- What is expected -
Return, unaltered, every line from the beginning of the material below up to and including the one with "Florida State Road Map".

*** Opening Data to examine ***

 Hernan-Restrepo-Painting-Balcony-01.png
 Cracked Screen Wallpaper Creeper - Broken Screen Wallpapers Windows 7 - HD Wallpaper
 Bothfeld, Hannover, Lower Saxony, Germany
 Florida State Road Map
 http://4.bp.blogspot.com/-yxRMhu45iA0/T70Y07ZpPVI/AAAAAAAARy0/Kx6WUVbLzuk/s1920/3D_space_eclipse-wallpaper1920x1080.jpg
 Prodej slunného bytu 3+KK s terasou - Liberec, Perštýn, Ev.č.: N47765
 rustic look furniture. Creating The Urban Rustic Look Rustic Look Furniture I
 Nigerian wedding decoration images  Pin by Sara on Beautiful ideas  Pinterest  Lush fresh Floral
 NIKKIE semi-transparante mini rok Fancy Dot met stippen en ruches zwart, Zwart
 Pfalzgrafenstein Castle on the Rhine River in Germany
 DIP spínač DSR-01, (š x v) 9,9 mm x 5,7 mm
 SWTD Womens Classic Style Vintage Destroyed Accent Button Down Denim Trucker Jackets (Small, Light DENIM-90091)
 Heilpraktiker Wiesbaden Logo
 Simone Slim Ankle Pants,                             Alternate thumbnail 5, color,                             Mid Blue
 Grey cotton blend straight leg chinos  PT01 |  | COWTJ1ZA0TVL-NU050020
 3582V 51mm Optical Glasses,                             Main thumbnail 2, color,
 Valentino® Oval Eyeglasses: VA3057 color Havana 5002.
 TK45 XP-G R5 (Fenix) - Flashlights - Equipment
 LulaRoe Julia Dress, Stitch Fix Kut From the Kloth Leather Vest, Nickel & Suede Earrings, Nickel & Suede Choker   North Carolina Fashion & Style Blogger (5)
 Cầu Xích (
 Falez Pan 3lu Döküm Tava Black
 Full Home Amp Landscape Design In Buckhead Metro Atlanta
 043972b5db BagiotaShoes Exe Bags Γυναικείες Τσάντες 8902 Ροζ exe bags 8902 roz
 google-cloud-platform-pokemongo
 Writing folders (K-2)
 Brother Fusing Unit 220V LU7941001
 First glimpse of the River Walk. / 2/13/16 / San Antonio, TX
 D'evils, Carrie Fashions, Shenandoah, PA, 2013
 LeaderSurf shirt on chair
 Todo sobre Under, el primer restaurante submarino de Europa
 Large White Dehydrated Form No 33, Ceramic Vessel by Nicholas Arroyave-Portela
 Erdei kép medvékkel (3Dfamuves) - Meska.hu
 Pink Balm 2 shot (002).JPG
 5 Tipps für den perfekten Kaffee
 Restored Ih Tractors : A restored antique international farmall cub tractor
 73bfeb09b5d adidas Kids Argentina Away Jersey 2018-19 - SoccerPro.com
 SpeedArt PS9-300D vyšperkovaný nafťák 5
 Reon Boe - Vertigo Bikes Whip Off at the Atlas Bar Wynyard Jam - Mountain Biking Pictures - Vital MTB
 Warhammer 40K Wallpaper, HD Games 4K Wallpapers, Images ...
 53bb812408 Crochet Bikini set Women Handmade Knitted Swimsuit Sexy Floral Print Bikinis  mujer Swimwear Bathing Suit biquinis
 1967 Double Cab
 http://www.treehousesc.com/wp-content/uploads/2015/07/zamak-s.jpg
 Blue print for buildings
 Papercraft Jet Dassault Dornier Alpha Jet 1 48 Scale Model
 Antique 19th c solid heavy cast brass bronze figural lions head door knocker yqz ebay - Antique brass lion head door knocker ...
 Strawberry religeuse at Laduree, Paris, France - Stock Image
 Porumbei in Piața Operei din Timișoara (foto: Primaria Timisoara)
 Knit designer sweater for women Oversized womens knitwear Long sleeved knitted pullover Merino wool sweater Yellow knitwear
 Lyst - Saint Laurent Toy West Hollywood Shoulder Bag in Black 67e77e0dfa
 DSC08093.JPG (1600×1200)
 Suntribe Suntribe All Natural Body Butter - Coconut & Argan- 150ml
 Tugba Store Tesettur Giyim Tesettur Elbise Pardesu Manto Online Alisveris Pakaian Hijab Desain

*** Closing Data to examine ***

- Result for this task -
 Hernan-Restrepo-Painting-Balcony-01.png
 Cracked Screen Wallpaper Creeper - Broken Screen Wallpapers Windows 7 - HD Wallpaper
 Bothfeld, Hannover, Lower Saxony, Germany
 Florida State Road Map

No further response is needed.